(Dataset records)

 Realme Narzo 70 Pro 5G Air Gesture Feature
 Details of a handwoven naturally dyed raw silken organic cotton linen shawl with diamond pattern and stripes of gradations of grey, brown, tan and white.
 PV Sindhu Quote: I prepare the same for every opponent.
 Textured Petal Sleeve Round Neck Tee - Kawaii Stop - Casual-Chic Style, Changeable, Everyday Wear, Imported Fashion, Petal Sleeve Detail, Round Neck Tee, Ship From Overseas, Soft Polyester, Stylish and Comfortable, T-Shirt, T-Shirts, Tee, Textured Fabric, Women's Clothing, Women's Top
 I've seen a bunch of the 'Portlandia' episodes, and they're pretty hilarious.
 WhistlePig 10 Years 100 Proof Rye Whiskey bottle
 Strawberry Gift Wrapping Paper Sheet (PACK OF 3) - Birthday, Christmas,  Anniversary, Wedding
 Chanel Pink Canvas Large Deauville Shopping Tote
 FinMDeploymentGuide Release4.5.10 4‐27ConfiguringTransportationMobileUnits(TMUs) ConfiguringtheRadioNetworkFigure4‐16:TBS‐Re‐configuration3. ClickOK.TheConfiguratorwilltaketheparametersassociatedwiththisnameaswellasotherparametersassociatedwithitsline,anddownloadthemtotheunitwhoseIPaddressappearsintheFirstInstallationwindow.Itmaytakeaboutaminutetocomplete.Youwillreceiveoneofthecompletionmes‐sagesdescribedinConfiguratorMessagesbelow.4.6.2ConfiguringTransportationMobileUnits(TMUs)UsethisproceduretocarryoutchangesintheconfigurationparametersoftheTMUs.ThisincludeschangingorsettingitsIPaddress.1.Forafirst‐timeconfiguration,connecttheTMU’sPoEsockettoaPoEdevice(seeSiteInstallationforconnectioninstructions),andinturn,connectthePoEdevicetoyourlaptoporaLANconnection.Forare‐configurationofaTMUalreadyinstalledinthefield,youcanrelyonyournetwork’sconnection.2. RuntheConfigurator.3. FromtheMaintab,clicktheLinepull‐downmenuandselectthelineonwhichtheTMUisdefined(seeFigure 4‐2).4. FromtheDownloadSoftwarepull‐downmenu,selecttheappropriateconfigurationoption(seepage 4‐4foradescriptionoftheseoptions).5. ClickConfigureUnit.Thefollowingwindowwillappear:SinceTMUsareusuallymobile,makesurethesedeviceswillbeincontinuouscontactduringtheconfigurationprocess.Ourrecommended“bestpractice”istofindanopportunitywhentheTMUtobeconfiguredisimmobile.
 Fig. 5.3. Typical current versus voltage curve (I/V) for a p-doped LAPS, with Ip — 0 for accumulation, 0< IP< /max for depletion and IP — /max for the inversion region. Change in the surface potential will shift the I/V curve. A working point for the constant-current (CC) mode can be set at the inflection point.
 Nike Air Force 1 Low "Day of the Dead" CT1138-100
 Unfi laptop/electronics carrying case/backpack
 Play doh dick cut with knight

▶ Task
Track down all lines above with the string "From" and copy them.

▶ Response to the task
 Textured Petal Sleeve Round Neck Tee - Kawaii Stop - Casual-Chic Style, Changeable, Everyday Wear, Imported Fashion, Petal Sleeve Detail, Round Neck Tee, Ship From Overseas, Soft Polyester, Stylish and Comfortable, T-Shirt, T-Shirts, Tee, Textured Fabric, Women's Clothing, Women's Top
 FinMDeploymentGuide Release4.5.10 4‐27ConfiguringTransportationMobileUnits(TMUs) ConfiguringtheRadioNetworkFigure4‐16:TBS‐Re‐configuration3. ClickOK.TheConfiguratorwilltaketheparametersassociatedwiththisnameaswellasotherparametersassociatedwithitsline,anddownloadthemtotheunitwhoseIPaddressappearsintheFirstInstallationwindow.Itmaytakeaboutaminutetocomplete.Youwillreceiveoneofthecompletionmes‐sagesdescribedinConfiguratorMessagesbelow.4.6.2ConfiguringTransportationMobileUnits(TMUs)UsethisproceduretocarryoutchangesintheconfigurationparametersoftheTMUs.ThisincludeschangingorsettingitsIPaddress.1.Forafirst‐timeconfiguration,connecttheTMU’sPoEsockettoaPoEdevice(seeSiteInstallationforconnectioninstructions),andinturn,connectthePoEdevicetoyourlaptoporaLANconnection.Forare‐configurationofaTMUalreadyinstalledinthefield,youcanrelyonyournetwork’sconnection.2. RuntheConfigurator.3. FromtheMaintab,clicktheLinepull‐downmenuandselectthelineonwhichtheTMUisdefined(seeFigure 4‐2).4. FromtheDownloadSoftwarepull‐downmenu,selecttheappropriateconfigurationoption(seepage 4‐4foradescriptionoftheseoptions).5. ClickConfigureUnit.Thefollowingwindowwillappear:SinceTMUsareusuallymobile,makesurethesedeviceswillbeincontinuouscontactduringtheconfigurationprocess.Ourrecommended“bestpractice”istofindanopportunitywhentheTMUtobeconfiguredisimmobile.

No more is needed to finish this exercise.